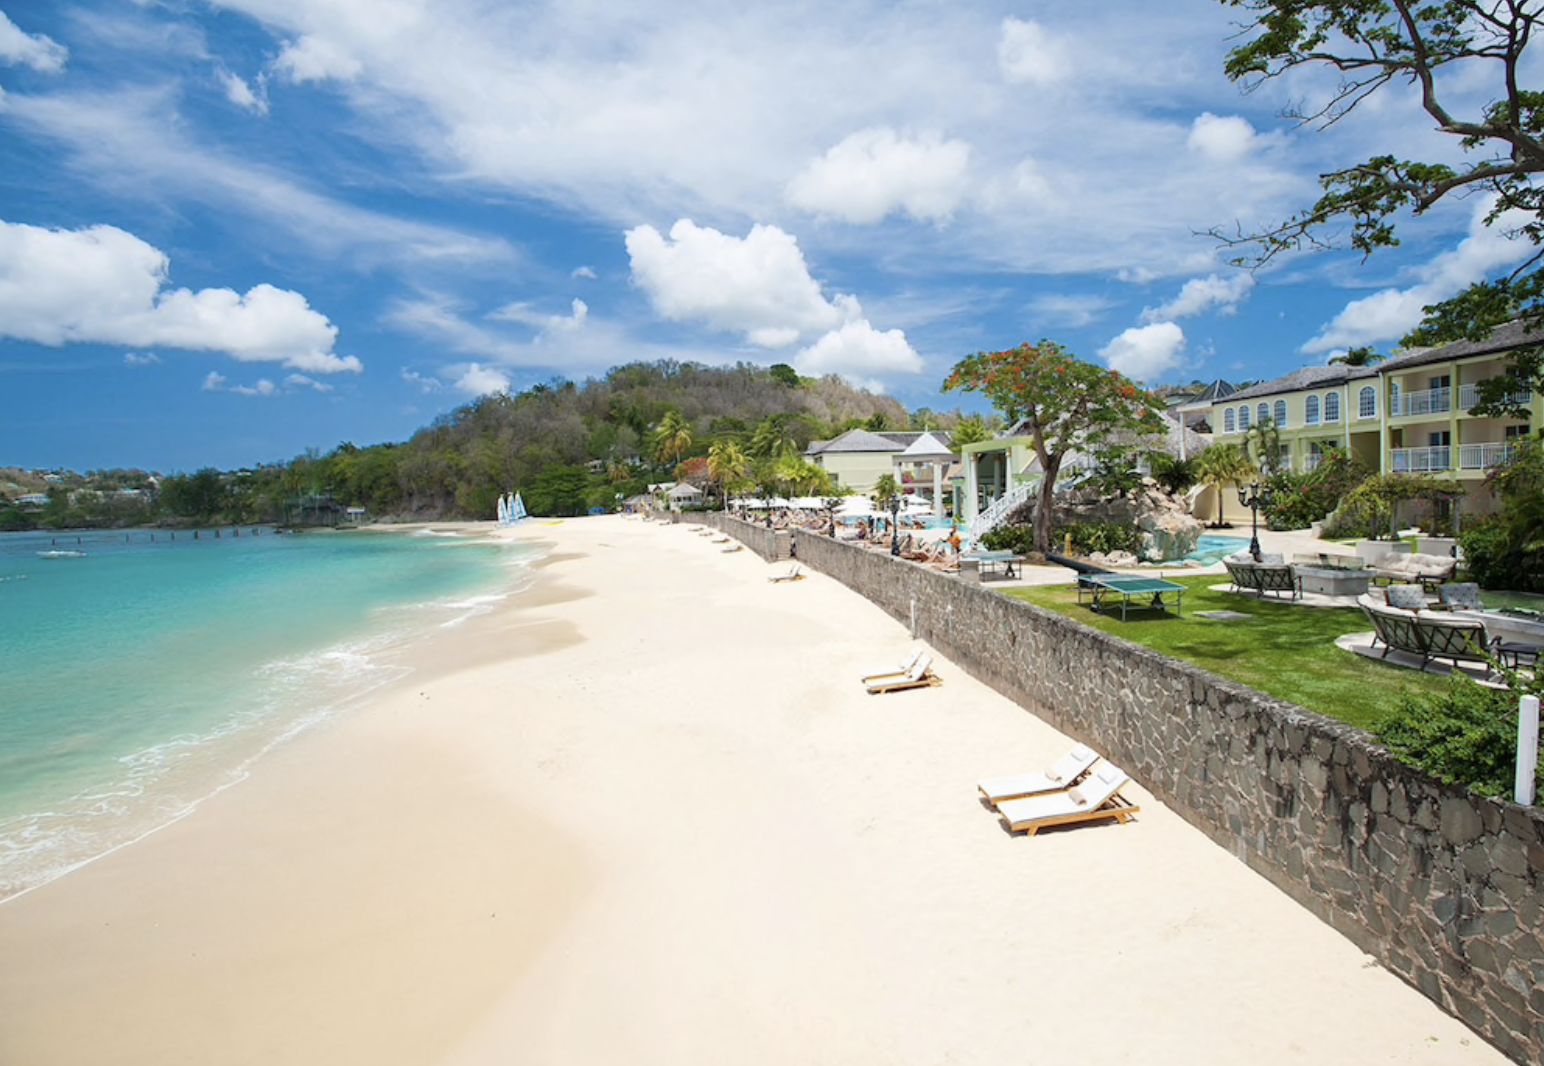 Sandals Regency La Toc Golf Resort & Spa Vacation Package
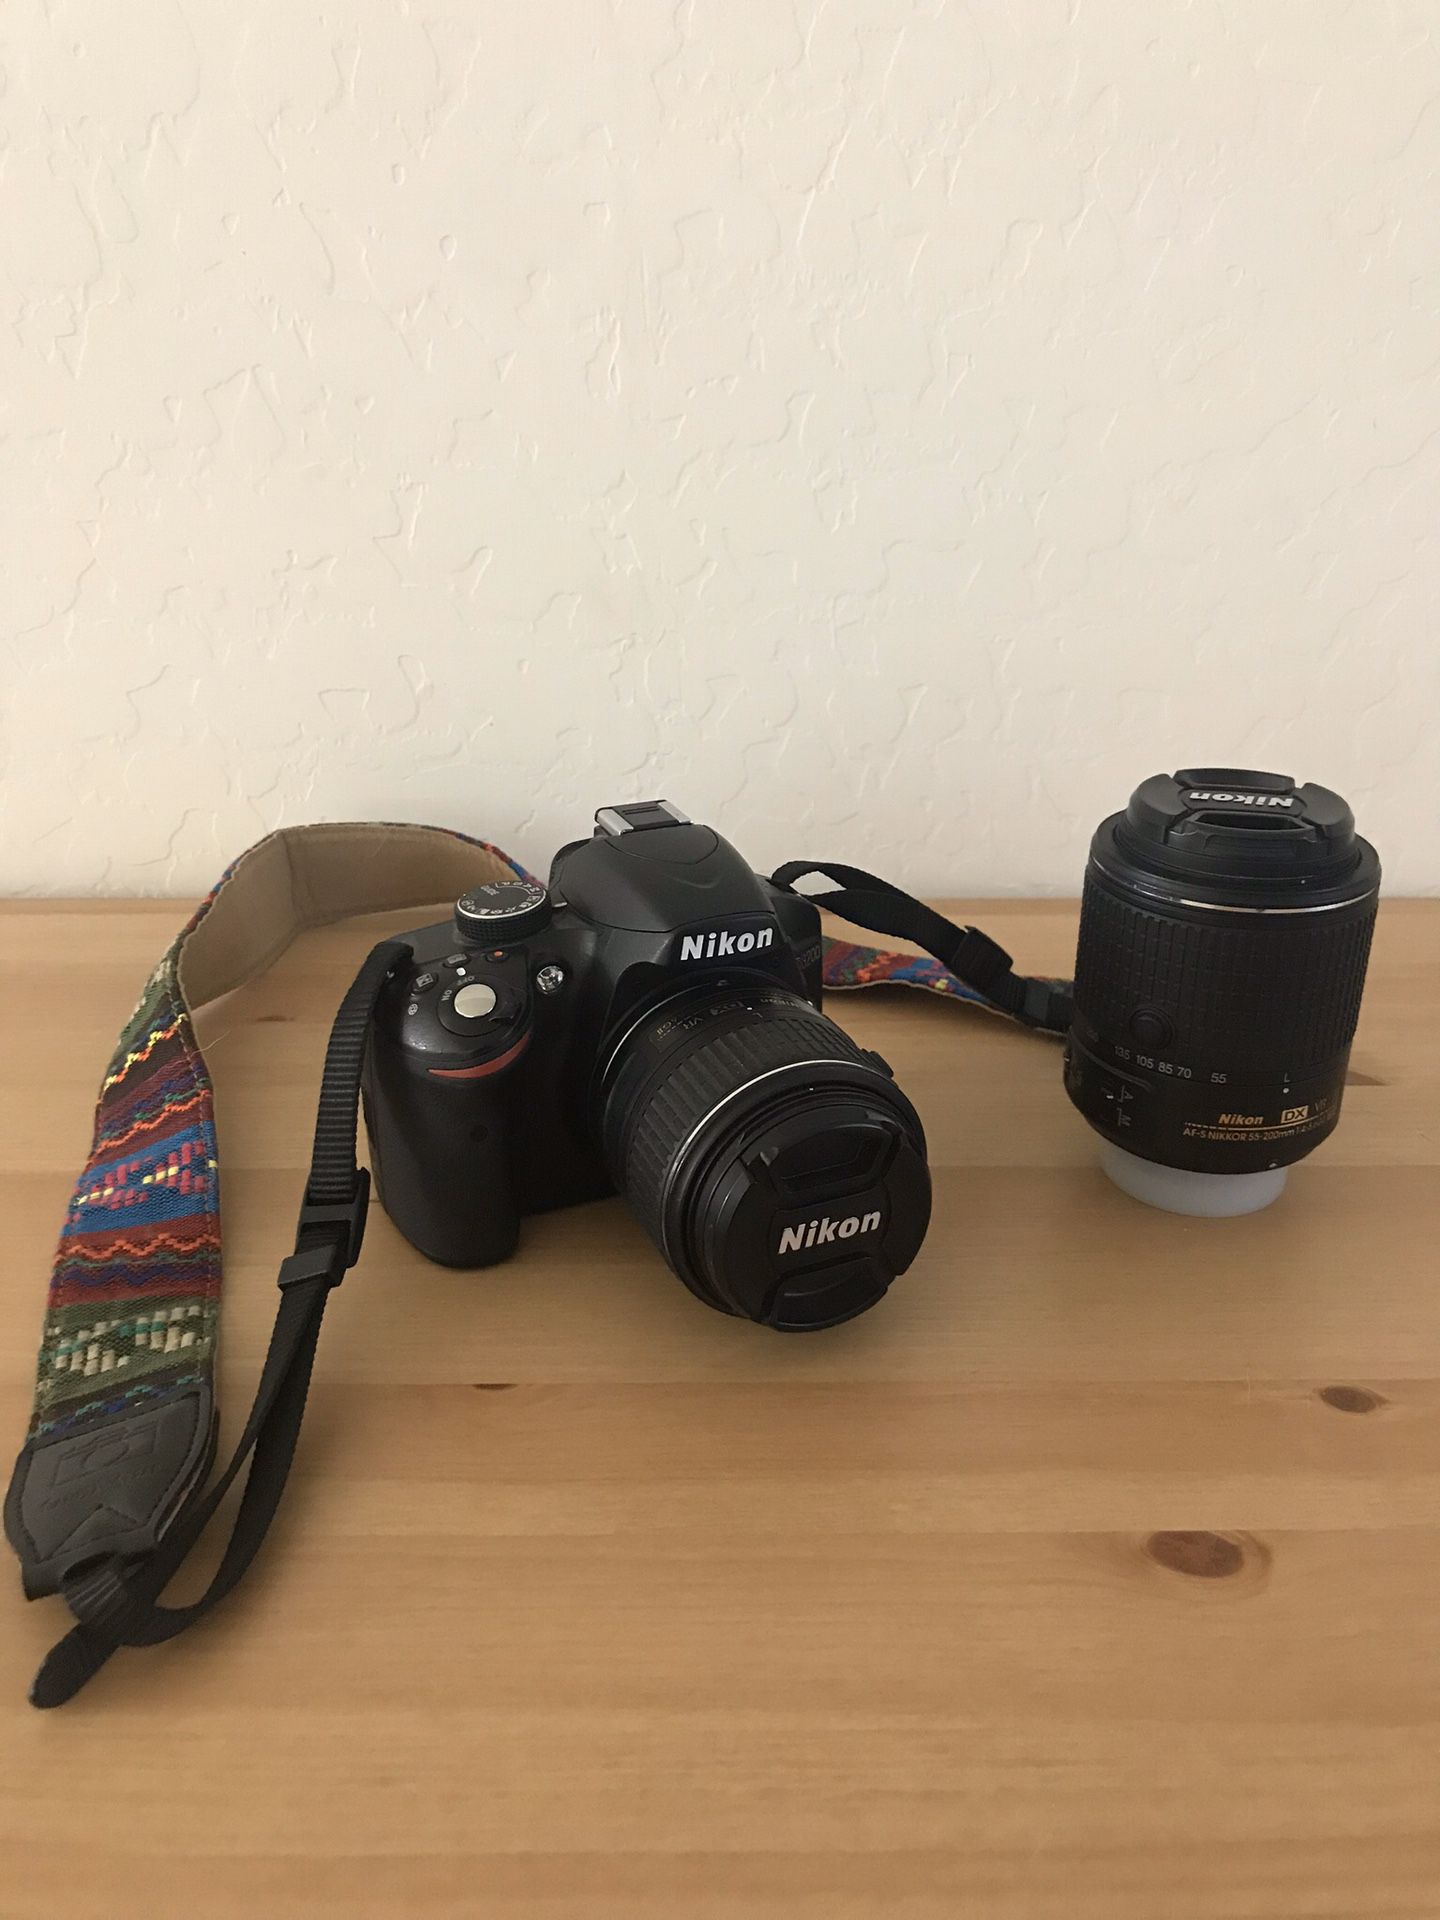 Nikon D3200 with VR DX lenses
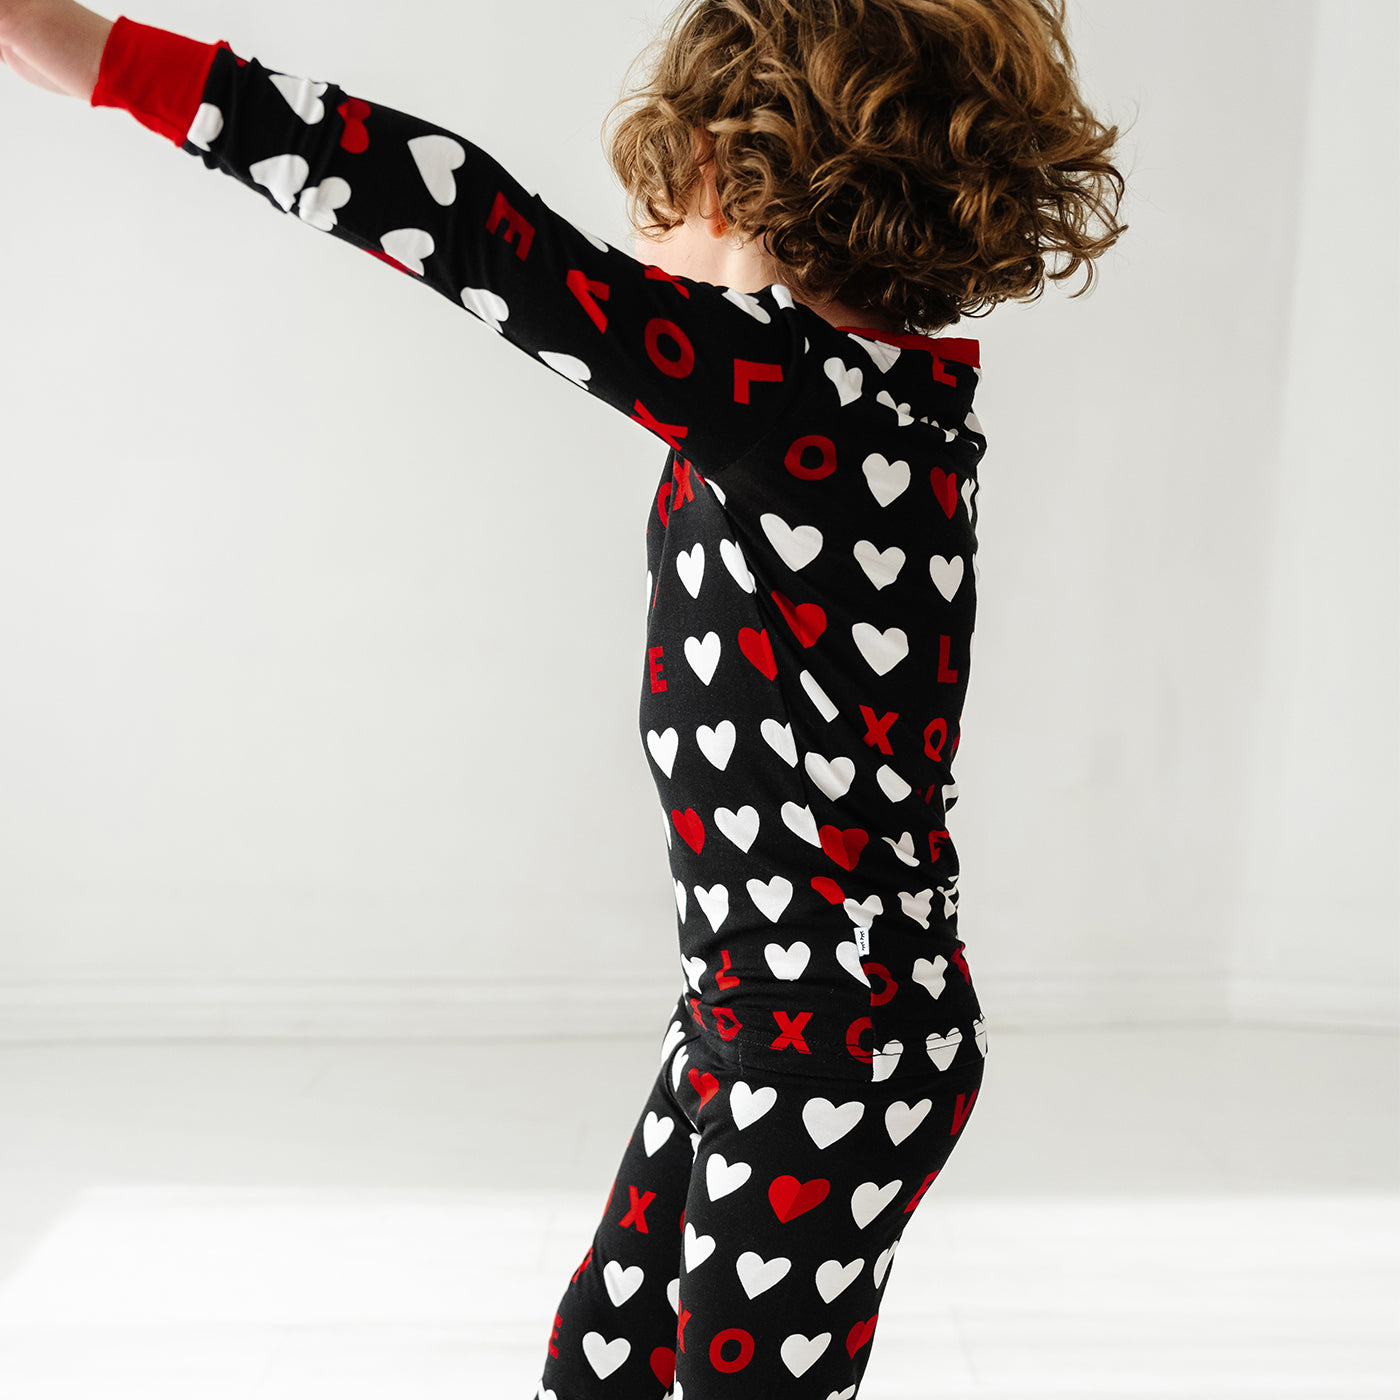 Child twirling wearing Black XOXO two piece pajama set

» What needs to be done
In full and without any pictures, print the listing above exactly.

» Output below
 Sandals Regency La Toc Golf Resort & Spa Vacation Package
 Nikon D3200 with VR DX lenses
 Child twirling wearing Black XOXO two piece pajama set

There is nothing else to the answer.